Uber Self-Driving Car Fatality
What happened
An Uber self-driving test vehicle struck and killed Elaine Herzberg, 49, as she walked her bicycle across a road at night. She was the first known pedestrian killed by a self-driving vehicle.
- The system detected something in the road 5.6 seconds before impact but cycled the classification between “other,” “vehicle,” and “bicycle.” Each reclassification reset the object’s predicted path, preventing the system from recognizing an imminent collision.
- The system had no concept of "jaywalking pedestrian" as an object category. It was not designed to identify pedestrians outside of crosswalks.
- Uber had disabled Volvo's built-in automatic emergency braking to prevent "erratic vehicle behavior." Uber's own system could not initiate emergency braking autonomously.
- The sole safety driver was watching a video on her phone.
The dead
Elaine Herzberg was killed. The NTSB found Uber's safety culture "inadequate"—the program lacked a formal safety plan, dedicated safety staff, and proper operating procedures.
Autonomous systems must handle real-world edge cases, not just designed scenarios. Disabling existing safety systems is unconscionable. A single distracted safety driver is not a substitute for robust software. If your system can't classify what it's about to hit, it must stop.
Boeing 737 MAX MCAS
What happened
Two 737 MAX aircraft crashed within five months because a flight control system called MCAS repeatedly pushed the nose down based on a single faulty sensor, while pilots had no idea the system existed.
- MCAS relied on data from only one of two angle-of-attack sensors. If that sensor failed, MCAS activated on false data.
- MCAS reactivated every 5 seconds after pilots manually corrected, creating a relentless tug-of-war.
- Boeing did not disclose MCAS to pilots or airlines. It was not in the manual. It was not in the training. A software defect silently tied the AOA disagree alert—intended as a standard feature—to an optional indicator display, leaving it non-functional on roughly 80% of MAX aircraft. Boeing knew about this defect for over a year and told no one.
The dead
189 on Lion Air Flight 610 (October 29, 2018). 157 on Ethiopian Airlines Flight 302 (March 10, 2019). No survivors in either crash. All 737 MAX aircraft were grounded worldwide for 20 months. Boeing paid $2.5 billion in penalties.
Safety-critical systems must not rely on single points of failure. Automation must be transparent to its operators. A known software defect that disables a safety alert, left unpatched for over a year, is not an accident—it is a choice.
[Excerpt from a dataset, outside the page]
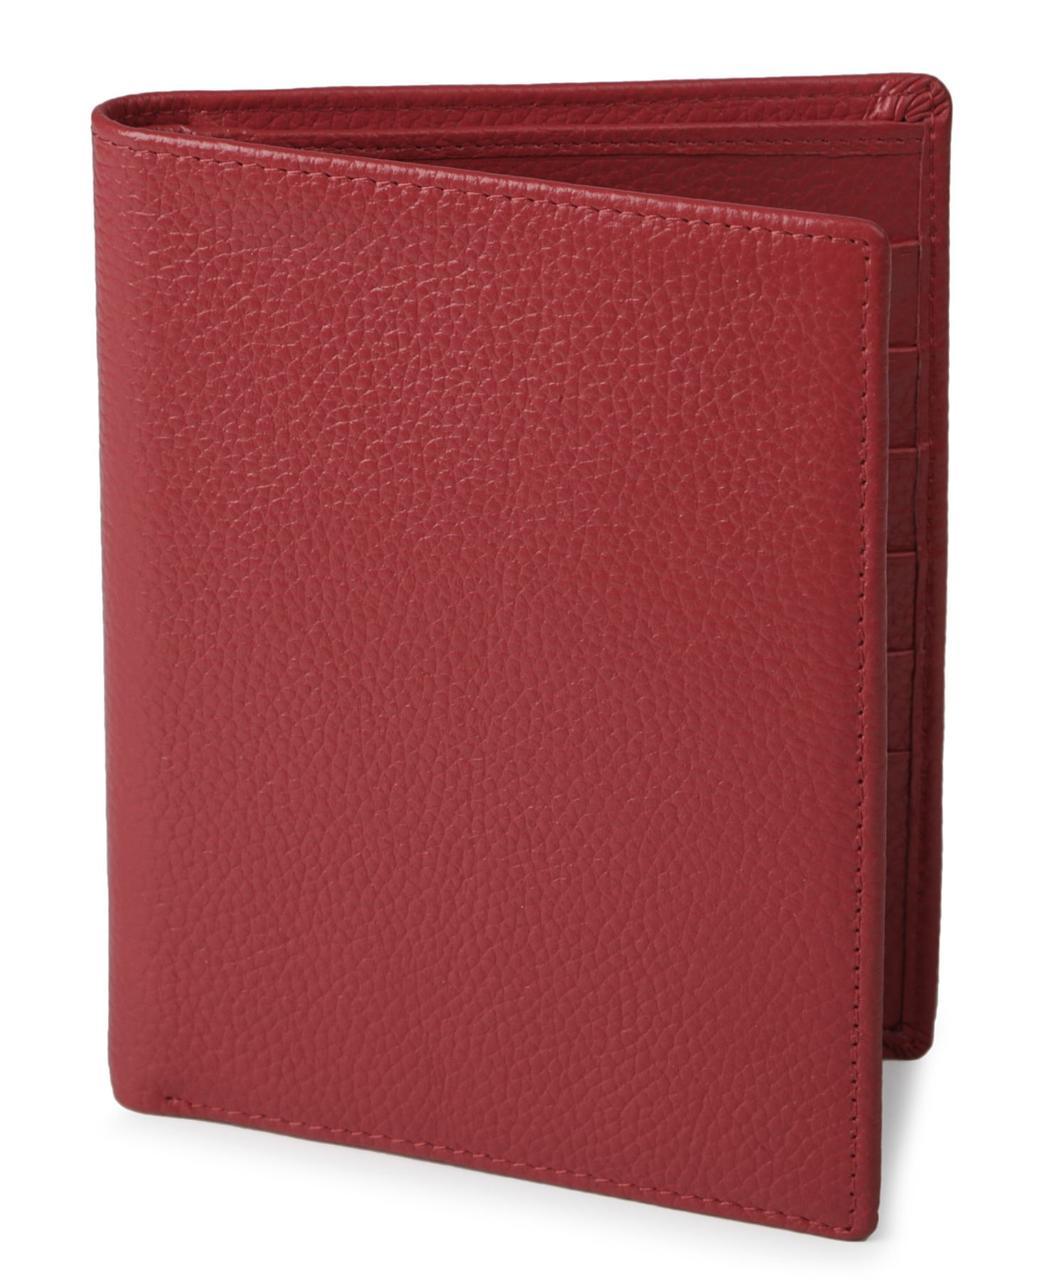 Кошелек SHVIGEL 13831 кожаный с отделениями для паспортов Красный

Boeing prioritized speed-to-market over the lives of 346 people.
Recurring Patterns
Software as sole safety net
The Therac-25 removed hardware interlocks. Boeing MCAS lacked sensor redundancy. When software is the only barrier between the user and catastrophe, the software must be perfect. Software is never perfect.
The automation paradox
Air France 447 and China Airlines 140 demonstrate that the more reliable automation becomes, the less prepared humans are to take over when it fails.
Warnings that confuse
Helios 522's identical alarm sounds. Therac-25's meaningless codes. Air France 447's contradictory stall warnings. A warning system that confuses is worse than none.
Fail-dangerous defaults
Wenzhou's signal system showed green when it should have shown red. The A400M had no pre-flight check for missing engine data. LASCAD launched with 81 known bugs. Systems that fail open instead of fail-safe kill people.
Manufacturer denial
AECL denied Therac-25 could overdose. Boeing concealed MCAS. Toyota fought unintended acceleration claims for years. Air New Zealand blamed the pilots of Flight 901. The dead cannot defend themselves.
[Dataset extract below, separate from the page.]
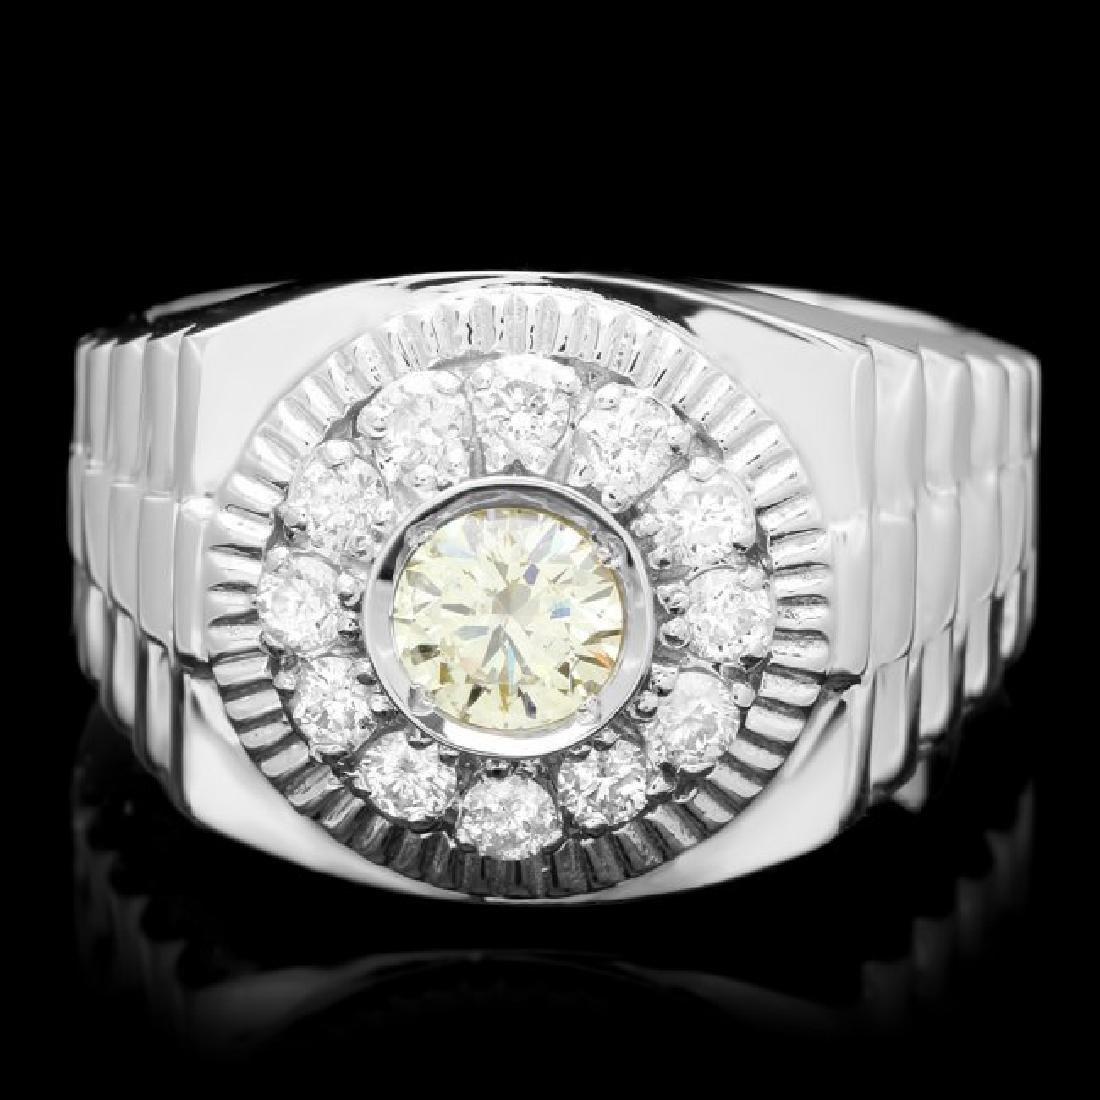 14k White Gold 1.05ct Diamond Ring

Known bugs, deployed anyway
Chinook ZD576's FADEC had 486 known anomalies. LASCAD launched with 81 known bugs. The Patriot's drift was reported two weeks before Dhahran. Deploying known-defective software in safety-critical systems is a decision to accept casualties.
Excess autonomy
The Patriot system in 2003 was given autonomous firing authority it could not exercise responsibly. Uber's self-driving car could not brake autonomously. Too much autonomy and too little autonomy can both be lethal.